08 May, 2017
The Foreign Secretary said it would be "very hard to say no" if Donald Trump asked the United Kingdom to join in with action against Bashar al Assad, if the Syrian leader launched another chemical attack.
Last July the UK Parliament overwhelmingly voted to replace the ageing submarines that carry the arsenal at a cost of £41 billion.
"If the Americans choose to act again, and they ask us to help, I think it will be very hard to say no", Johnson said.

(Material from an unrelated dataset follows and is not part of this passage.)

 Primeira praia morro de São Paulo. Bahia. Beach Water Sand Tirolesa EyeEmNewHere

Johnson said people who watched Corbyn "floundering" in debates with May in parliament with his "meandering and nonsensical questions" may draw the conclusion that he would never be prime minister, in a column in The Sun newspaper.
He said the usual convention by which MPs normally voted on any military action needed to be "tested".

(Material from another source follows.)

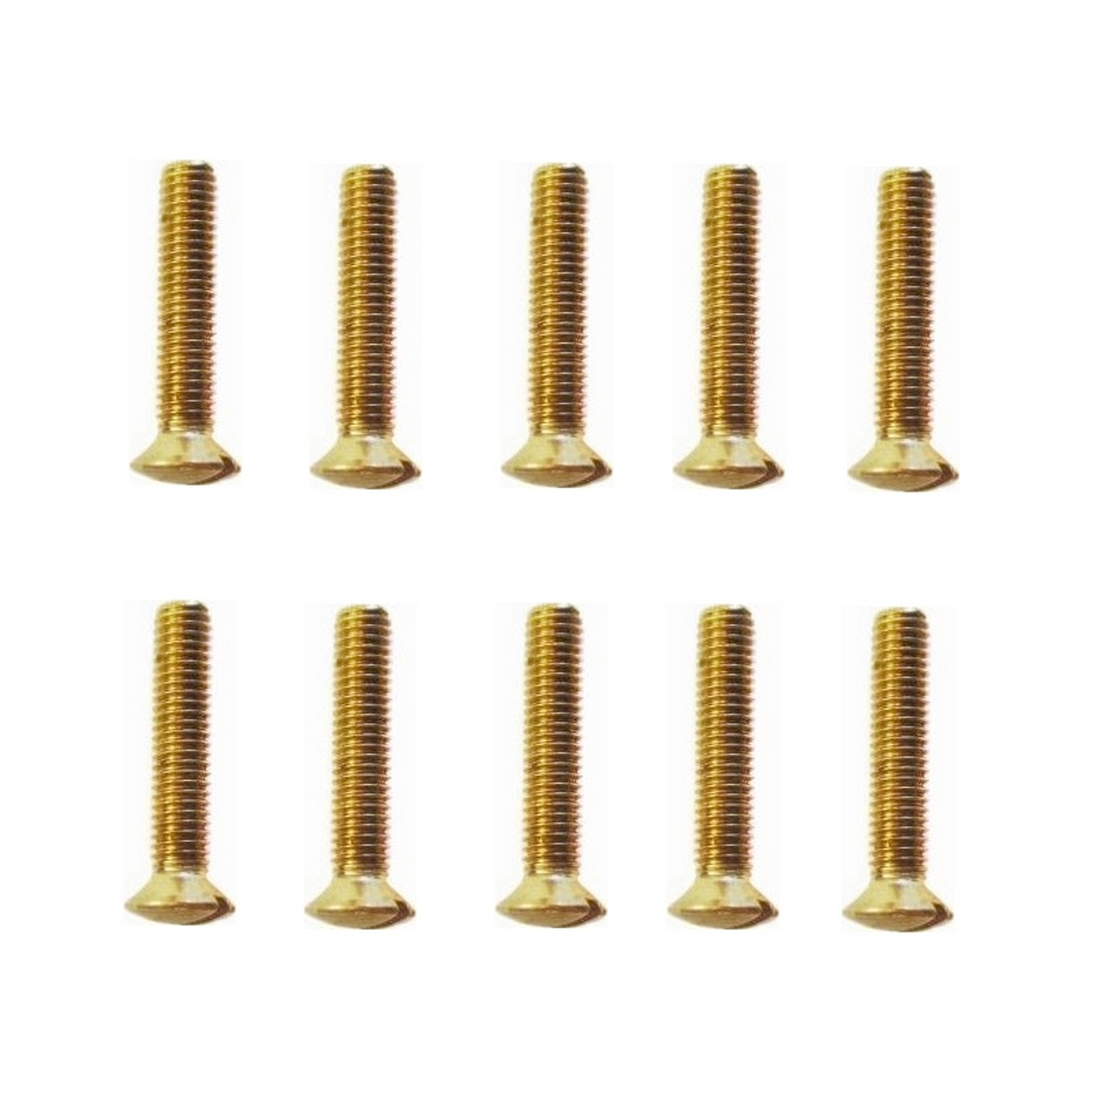 Linsensenkschrauben Messing Gewindeschrauben DIN964 M3x25mm 10 Stück (0212)

Mr Johnson said there was "no question" that Assad's regime was responsible for the sarin gas attack earlier this month which prompted a USA retaliatory cruise missile strike on a Syrian air base.
The United States accused the Syrian army of carrying out a 4 April attack in which almost 100 people died from poison gas.
Britain endorsed the U.S. response to the chemical attack, but was not directly involved.
Mr Johnson also launched a powerful attack on the Labour leader, who in an interview at the weekend ruled out pressing the nuclear button and killing the leader of IS and said he would suspend airstrikes on Syria.
Discussing the Syrian regime's use of chemical weapons on BBC Radio 4's Today Programme, the foreign secretary said Syrian President Bashar al-Assad had "unleashed murder upon his own citizens with weapons that were banned nearly 100 years ago".
Mr Johnson told LBC: "I'll tell you what we'll do".
He said rushing into supporting action in Syria by Mr Trump risked "undermining worldwide law" and had the potential to "create instability on a global scale".
He says the Opposition leader's long record as a peace campaigner and his anti-military stances actually mean "the consequences would be calamitous" if he ever became Prime Minister.
Quizzed on TV about his description of Jeremy Corbyn as a "mutton-headed old mugwump", the Foreign Secretary said he had borrowed it from author Roald Dahl's children's classic Charlie And The Chocolate Factory.
In a speech on Wednesday - Mr Johnson's first intervention in the general election campaign - he warned at the London Mayor's Banquet in the City of London that "some plaster may fall off the ceiling" in the Brexit negotiations.
He said: "There can be no more important task for a government than to keep people safe, and we must be prepared to do everything necessary to do so".
"The £350m represents the total sum that we do not control every week that is spent by Brussels, either in this country or it's squittered away in some other European country".
The PM praised Mr Johnson's role in trying to end the Syrian crisis, saying: "What Boris has been doing, and doing very well, is working diplomatically with the worldwide community, with the G7, and with others as well". The UK Statistics Authority has described the figure as misleading and likely to undermine trust in statistics.